Does the kitten get fed wet food?? if she does maybe you could take her water dish away and put water in the wet food? just for a few days to try and stop the habit. If you dont want to do that why not get a water fountine? try that, also could you not get the poo out the water and put the it in the tray?


----------



## shellbee 1 (Feb 15, 2009)

what do you mean a water fountain?
yes she has wet food,might try taking the water away, just worried it may find an even worse place instead.i caught her in the act the last time she did it, i picked her up and took her to the tray, i wont try that again, it went everywhere! lol!
thanks for the help.:thumbup1:


----------



## DKDREAM (Sep 15, 2008)

Heres a link, Pets at home sell them too,

CAT-IT PET DRINKING FOUNTAIN: Amazon.co.uk: Kitchen & Home


----------



## DKDREAM (Sep 15, 2008)

shellbee 1 said:


> what do you mean a water fountain?
> yes she has wet food,might try taking the water away, just worried it may find an even worse place instead.i caught her in the act the last time she did it, i picked her up and took her to the tray, i wont try that again, it went everywhere! lol!
> thanks for the help.:thumbup1:


Try locking her in one room? untill she learns to use the tray?


----------



## shellbee 1 (Feb 15, 2009)

iv tried putting it in the hall, she still does it.
she has done a poo on the sofa on top of a t-shirt aswell, can anyone suggest why she is doing it?
she wees in the tray(most of the time) so why wont she poo in it? very annoying!


----------



## bluechip (Dec 26, 2008)

hi she will be stressed when i got my seal siamese she kept pooing in my hallway by my guinea pigs and this went on for a while, the way i got round it was to be very stern with her and told her no in a really cross voice and she did stop doing it.
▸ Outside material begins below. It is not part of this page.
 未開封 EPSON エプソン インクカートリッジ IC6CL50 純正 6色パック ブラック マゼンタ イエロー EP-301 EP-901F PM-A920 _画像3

you have taken this kitten away from her mum, brothers and sisters and they get very stressed about this.

how old is she???

i would keep water down but in a shallow bowl.
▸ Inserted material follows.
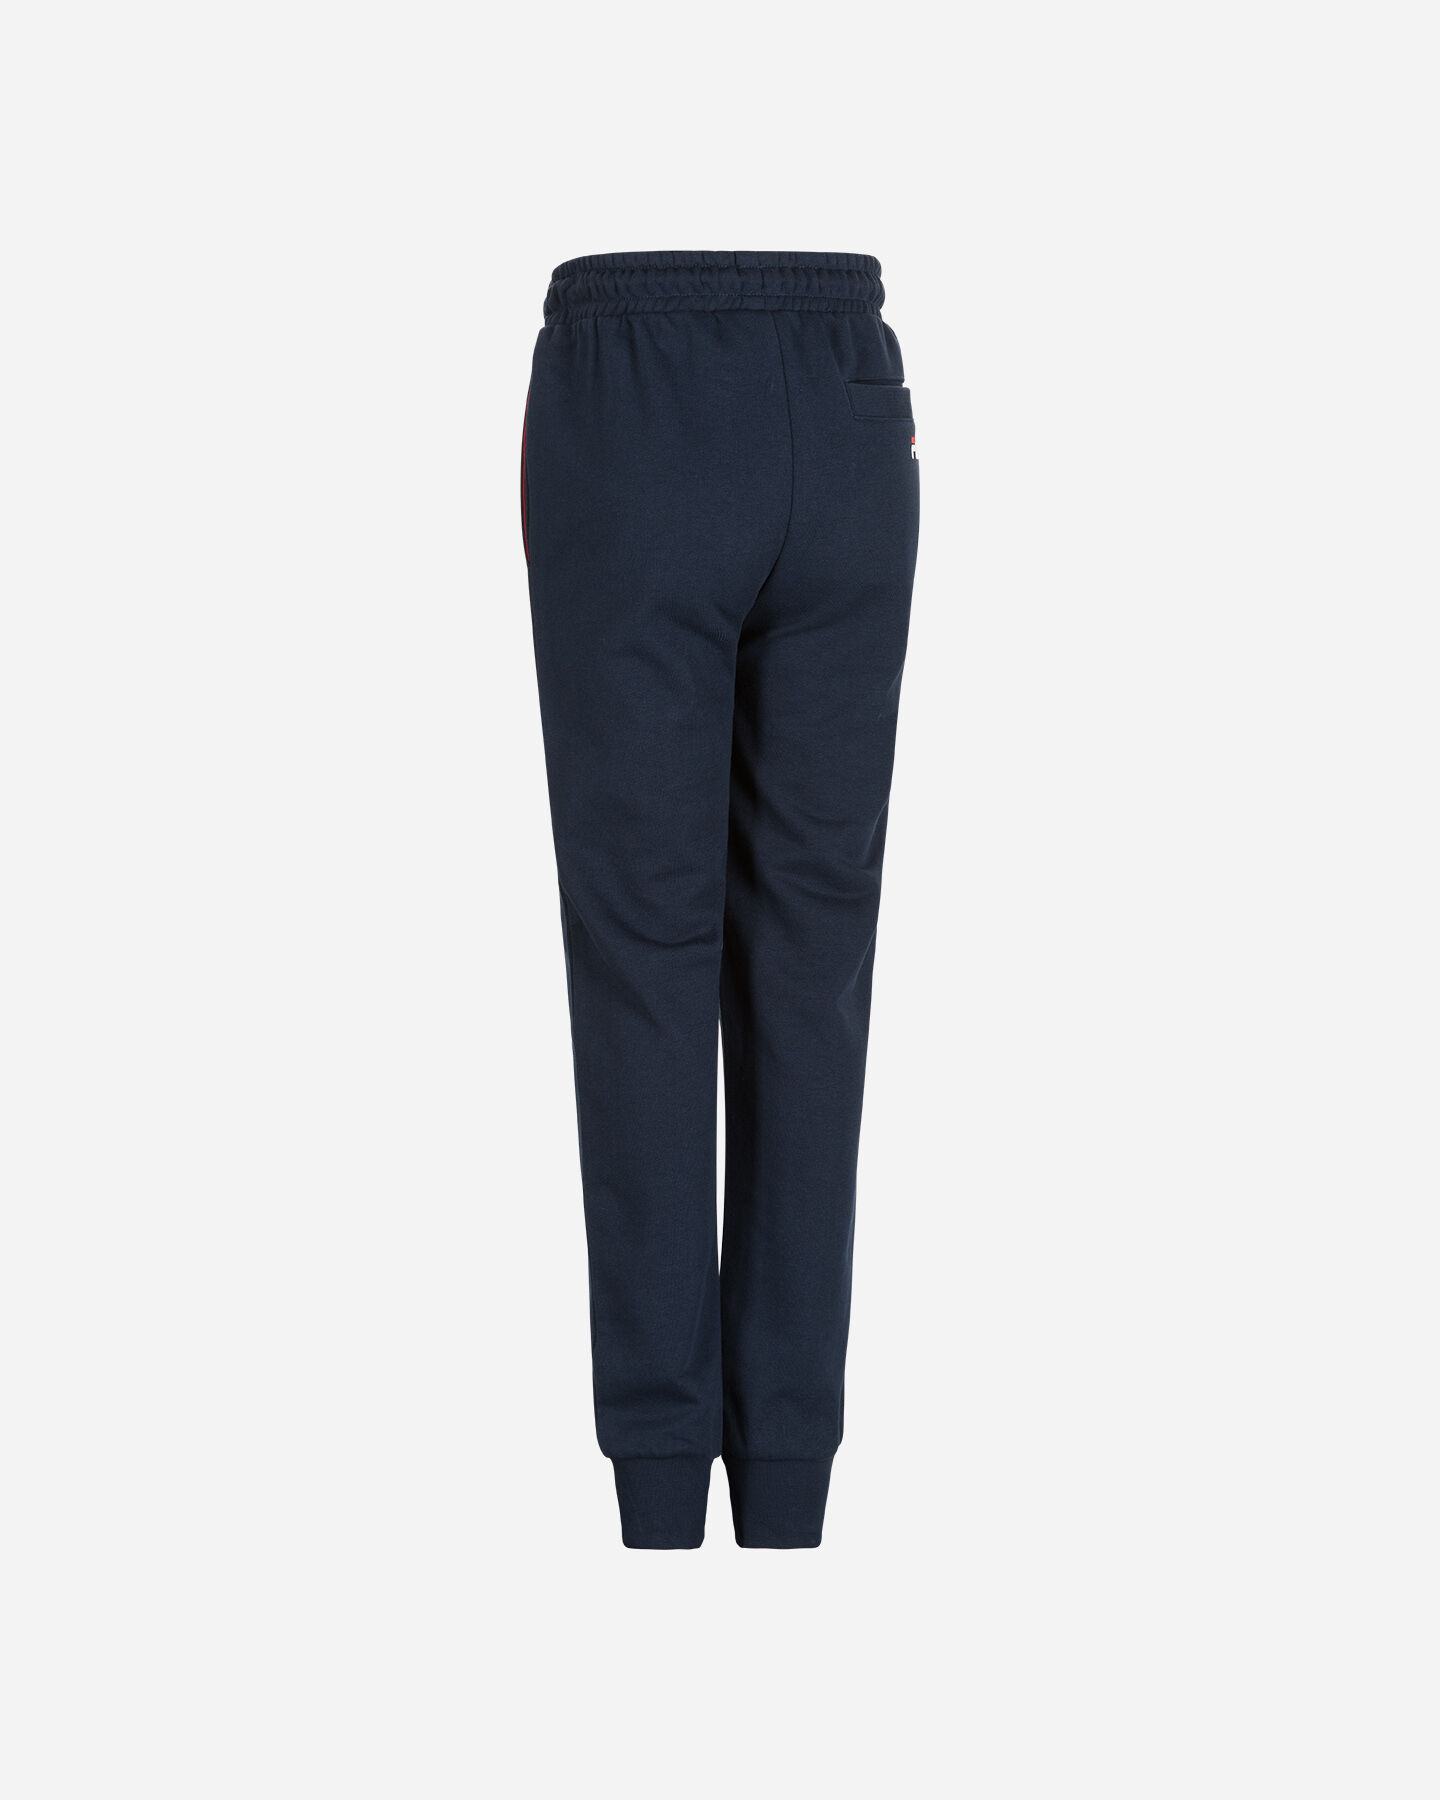  Pantalone FILA SMALL LOGO JR S4088602|519|4A scatto 1

and just be patient with her.but be firm as well.


----------



## shellbee 1 (Feb 15, 2009)

hi, shes 5months old, its hard because iv got an 18mnth old daughter and having cat poo all round the place is worrying because of the germs, and i cant tell her off unless i catch her. thanks, im going to ring the breeder again, it maight be the litter i use, although if its good enough for weeing on, i cant see the problem. :thumbup1:


----------



## bluechip (Dec 26, 2008)

shellbee 1 said:


> hi, shes 5months old, its hard because iv got an 18mnth old daughter and having cat poo all round the place is worrying because of the germs, and i cant tell her off unless i catch her. thanks, im going to ring the breeder again, it maight be the litter i use, although if its good enough for weeing on, i cant see the problem. :thumbup1:


i have a five year old so i know where you are coming from i would ring breeder and ask for more advice, my seal was five months when i got her, i truly feel the longer you have the cat with the mother the harder on the kitten when they leave for new home.

all my kittens so far have gone to new homes and not had any pooing or weeing problems but i do send away with a bag of litter that i use not sure this helps just helps me as i feel i have sent them away with what they need. alos send litter tray, big box of food (wet) what i use and a sample of dryed food but that is just me.


----------



## shellbee 1 (Feb 15, 2009)

ok, thanks, will remember that for when i breed her, thanks again


----------



## animalia (Feb 2, 2009)

shellbee 1 said:


> iv tried putting it in the hall, she still does it.
> she has done a poo on the sofa on top of a t-shirt aswell, can anyone suggest why she is doing it?
> she wees in the tray(most of the time) so why wont she poo in it? very annoying!


Is her litter tray near her food and water? If she's a small kitten it's possible she doesn't make it in time and needs to have more boxes in the house. If you have a #### it could be the #### that is upsetting her or making her uncomfortable. She needs to have them in quiet places where she feels private, be sure to show her the boxes a few times and scratch her paws in them with verbal praise. The hall is usually a well traveled active area and not the best place for a litter tray for privacy.

Also kittens tend to use the litter tray fairly soon after they eat. You could place a poo that didn't make it to the tray into the tray you want her in. Then you could stick a round when she has her food. When she finishes place her in her tray and scratch her paws for her. Keep her confined to the area with the litter box but make sure it's not next to the food but still fairly near by, like across the room in a quiet place. For example, if she eats in the kitchen, place a litter box near by in the kitchen and close her in the kitchen for a little while. You may need to play with her to get her bowels moving. Another option would be to place her in a small room, like the bathroom with her food/water on one side and the litter tray on the other over night or in the day when you are not there. Just until she gets the idea.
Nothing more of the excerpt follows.